Multilingual speakers will often mix languages when they communicate with other multilingual speakers in what is usually known as code-switching (CSW). CSW is typically present on the intersentential, intrasentential and even morphological levels. CSW presents serious challenges for language technologies such as Machine Translation (MT), Automatic Speech Recognition (ASR), language generation (LG), information retrieval (IR) and extraction (IE), and semantic processing. Traditional techniques trained for one language quickly break down when there is input mixed in from another. Recent work has shown that even powerful multilingual models, such as multilingual BERT, yield subpar performance on CSW data (cf. Aguilar and Solorio, 2020).

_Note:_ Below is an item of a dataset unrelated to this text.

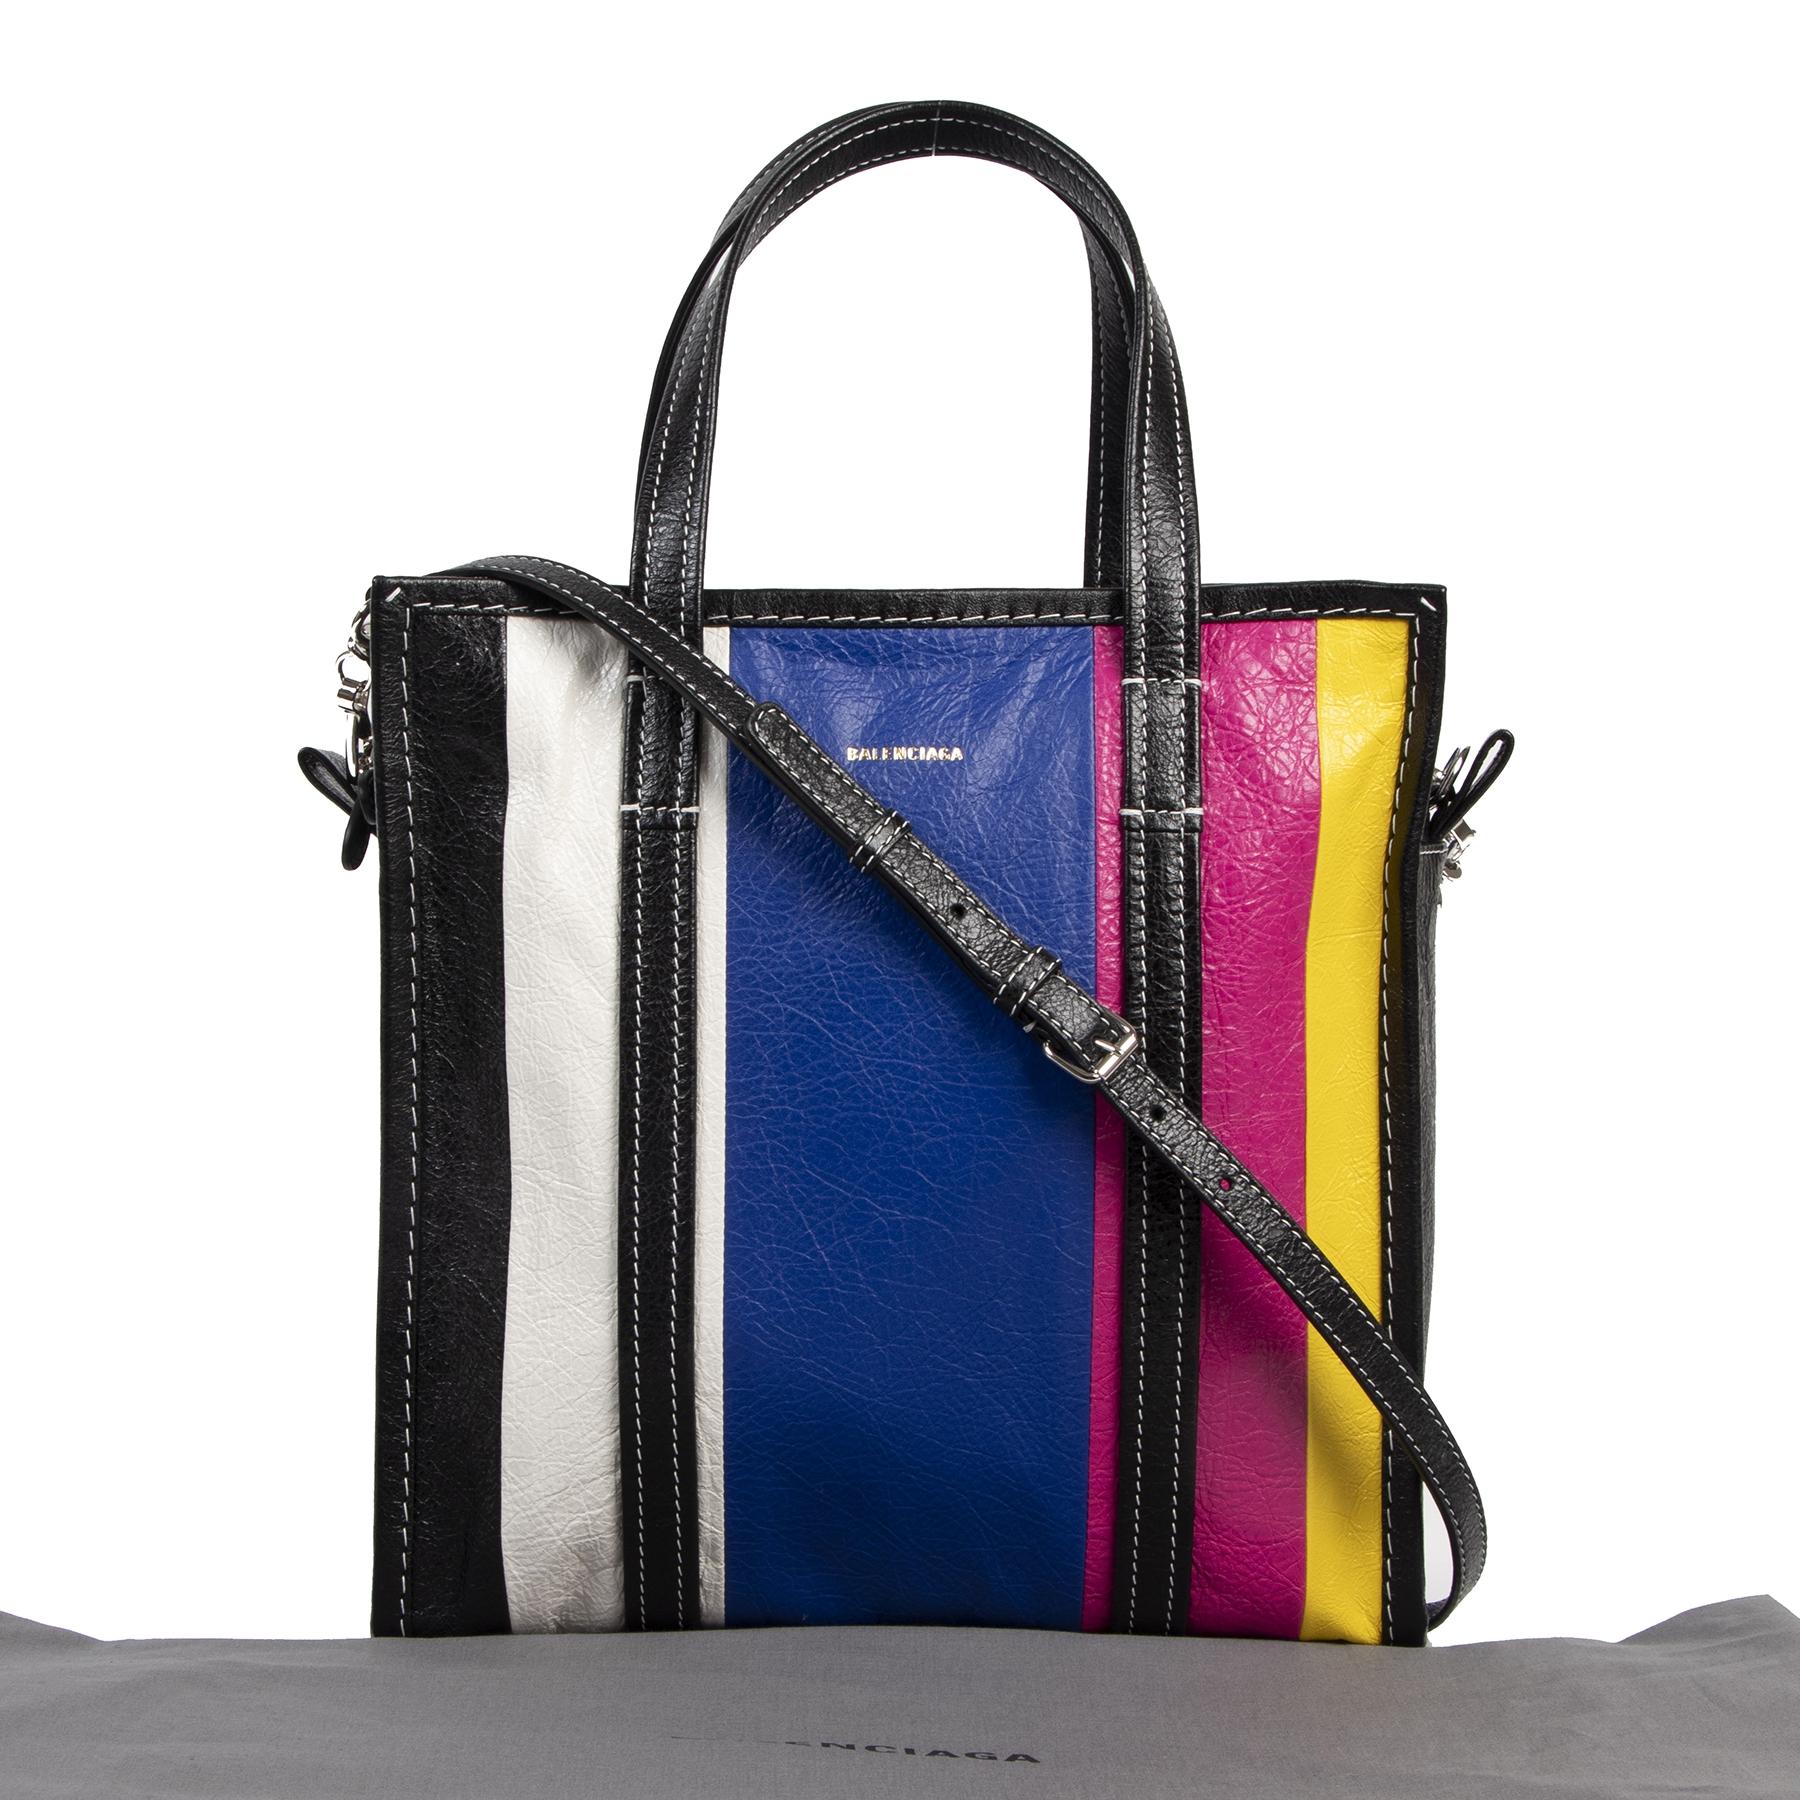 koop veilig online Balenciaga Striped Bazaar S Leather Shopper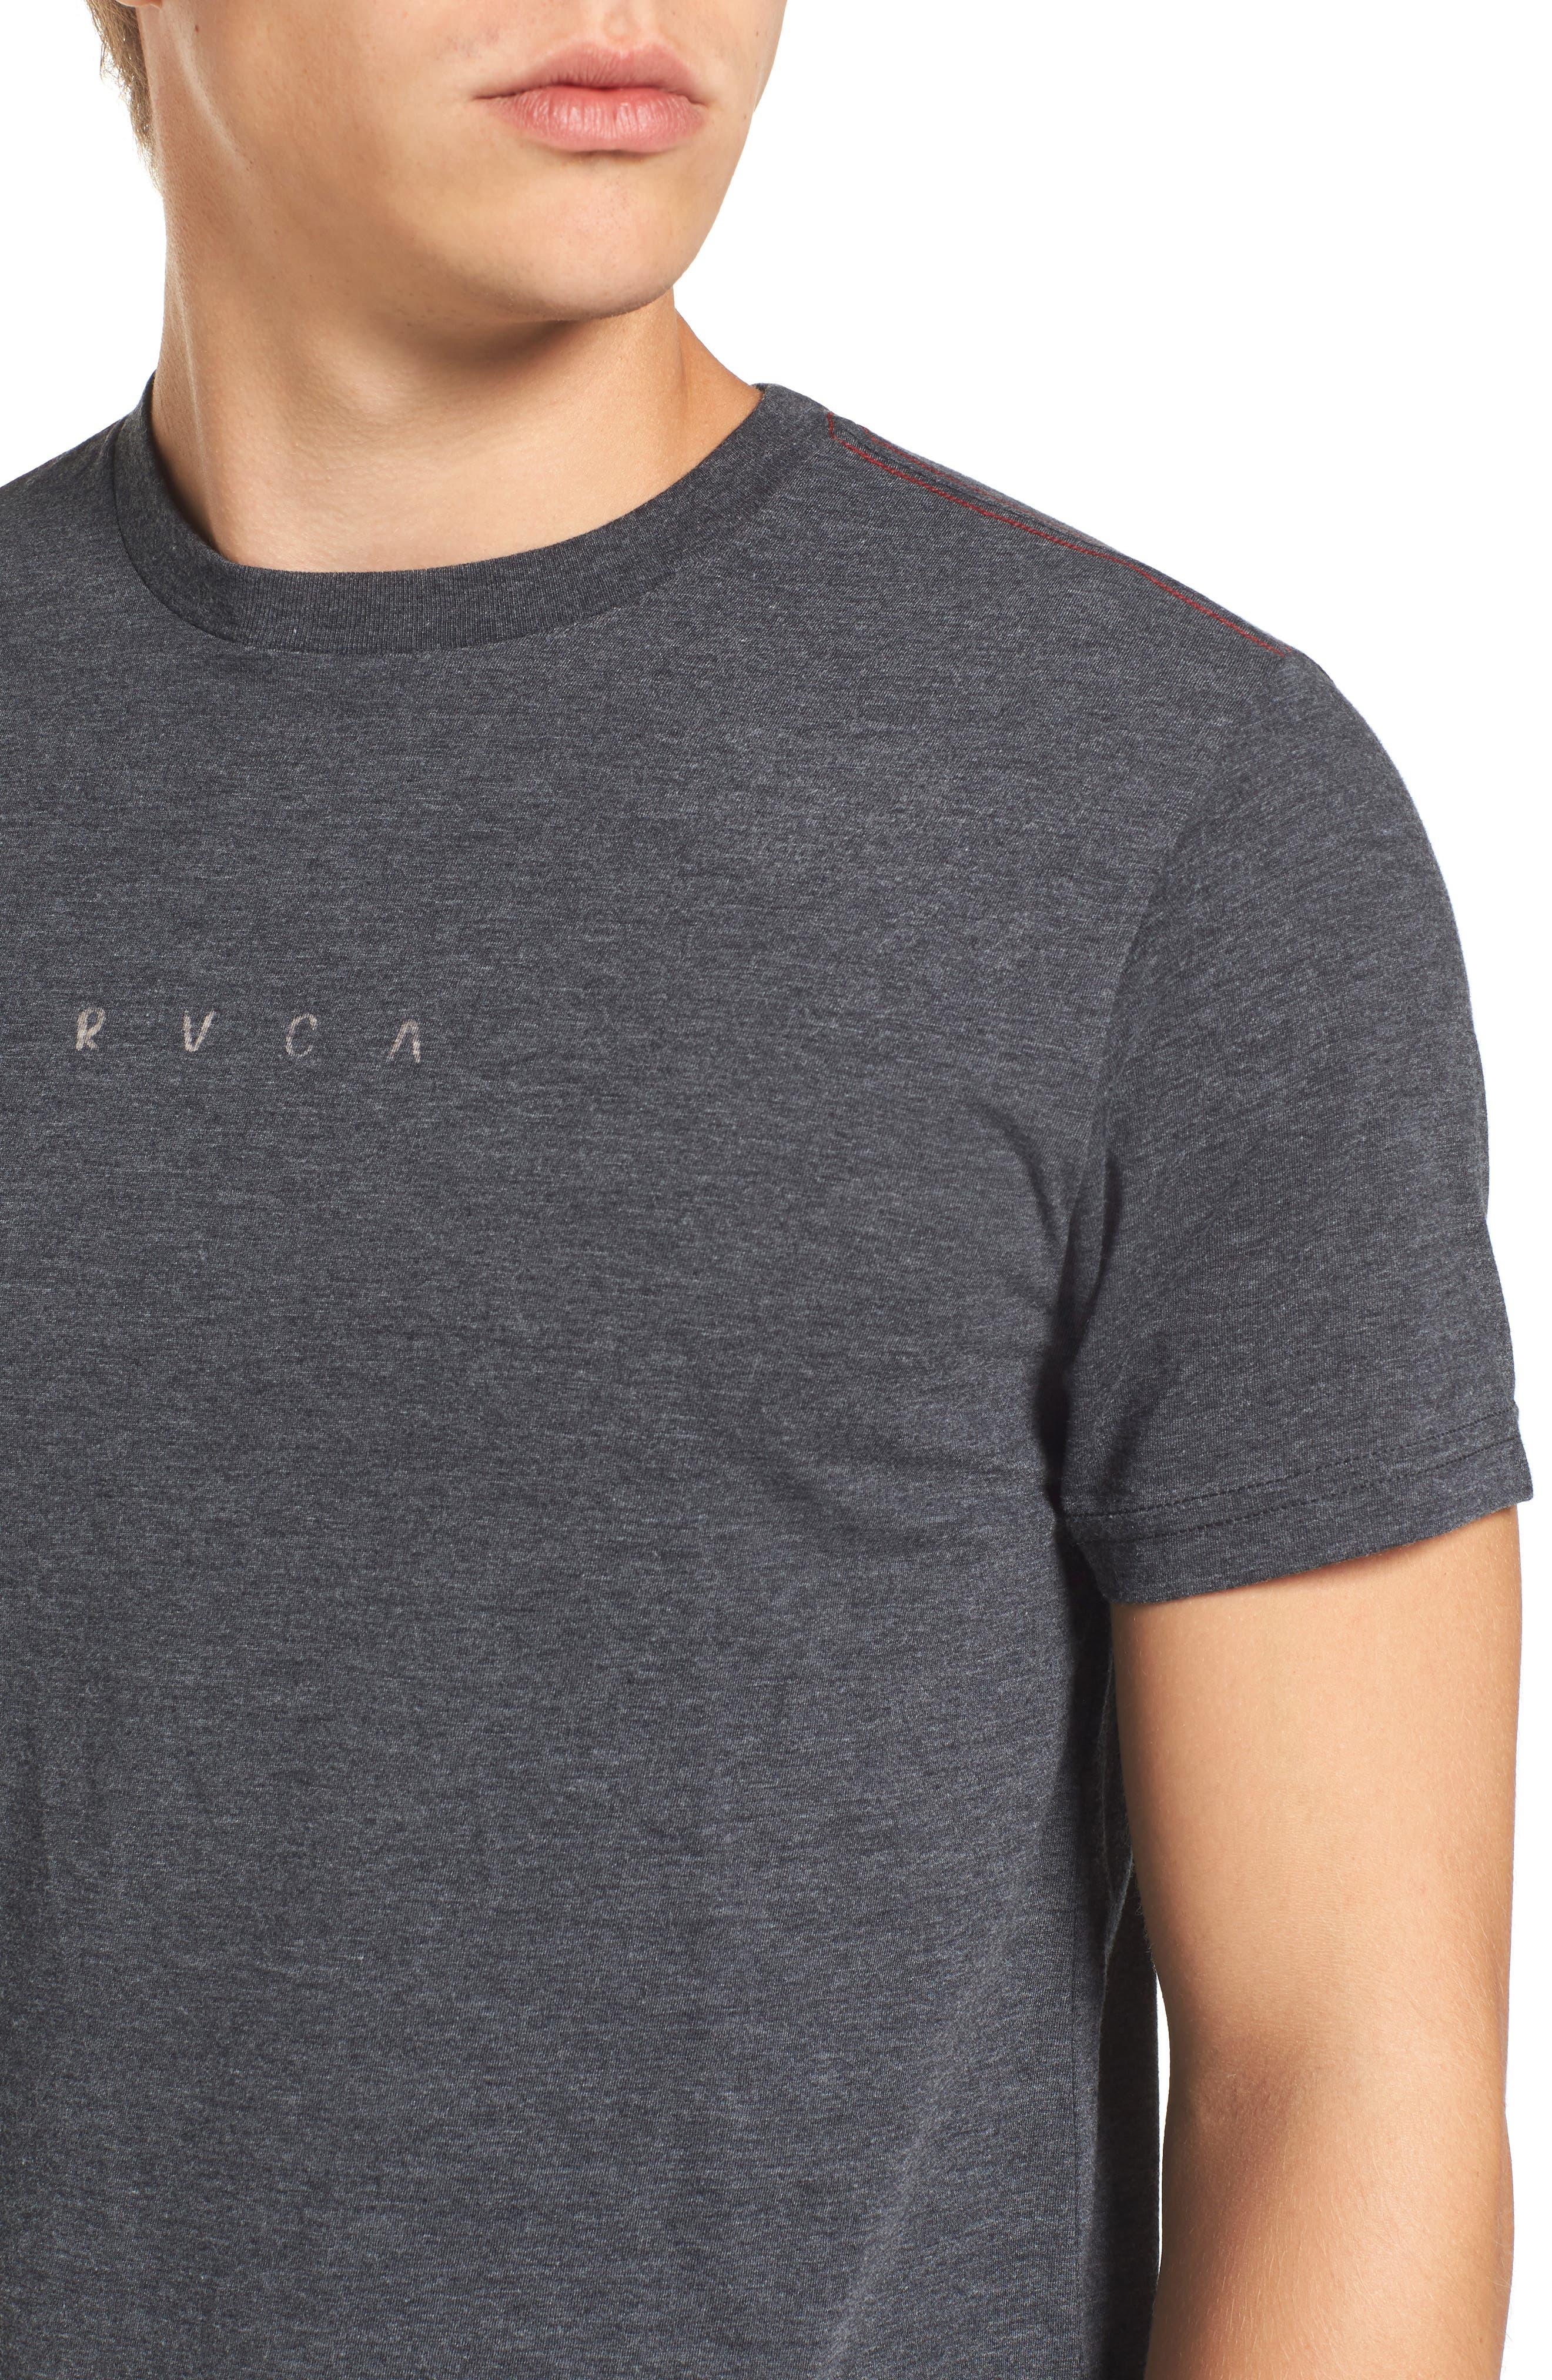 Snooze Cloud Graphic T-Shirt,                             Alternate thumbnail 4, color,                             001

Considering the ubiquitous nature of CSW in informal text communication such as newsgroups, tweets, blogs, and other social media, and the number of multilingual speakers worldwide that use these platforms, addressing the challenge of processing CSW data continues to be of great practical value. This workshop aims to bring together researchers interested in technology for mixed language data, in either spoken or written form, and increase community awareness of the different efforts developed to date in this space.
Topics of Interest
The workshop will invite contributions from researchers working in NLP and speech approaches for the analysis and processing of mixed-language data. Topics of relevance to the workshop will include the following:
- Development of linguistic resources to support research on code-switched data;
- NLP approaches for any of language identification/named entity recognition/sentiment analysis/machine translation/language generation in code-switched data;
- NLP techniques for the syntactic analysis of code-switched data;
- Domain/dialect/genre adaptation techniques applied to code-switched data processing;
- Language modeling approaches to code-switched data processing;
- Crowdsourcing approaches for the annotation of code-switched data;
- Position papers discussing the challenges of code-switched data to NLP techniques;
- Methods for improving ASR in code switched data;
- Survey papers of NLP research for code-switched data;
- Sociolinguistic and/or sociopragmatic aspects of code-switching.
- Workshop submission deadline (long, short and special track): March 15th, 2021
- Notification of acceptance: April 15th, 2021
- Workshop date: June 11th, 2021
Additional invited speakers will be added soon.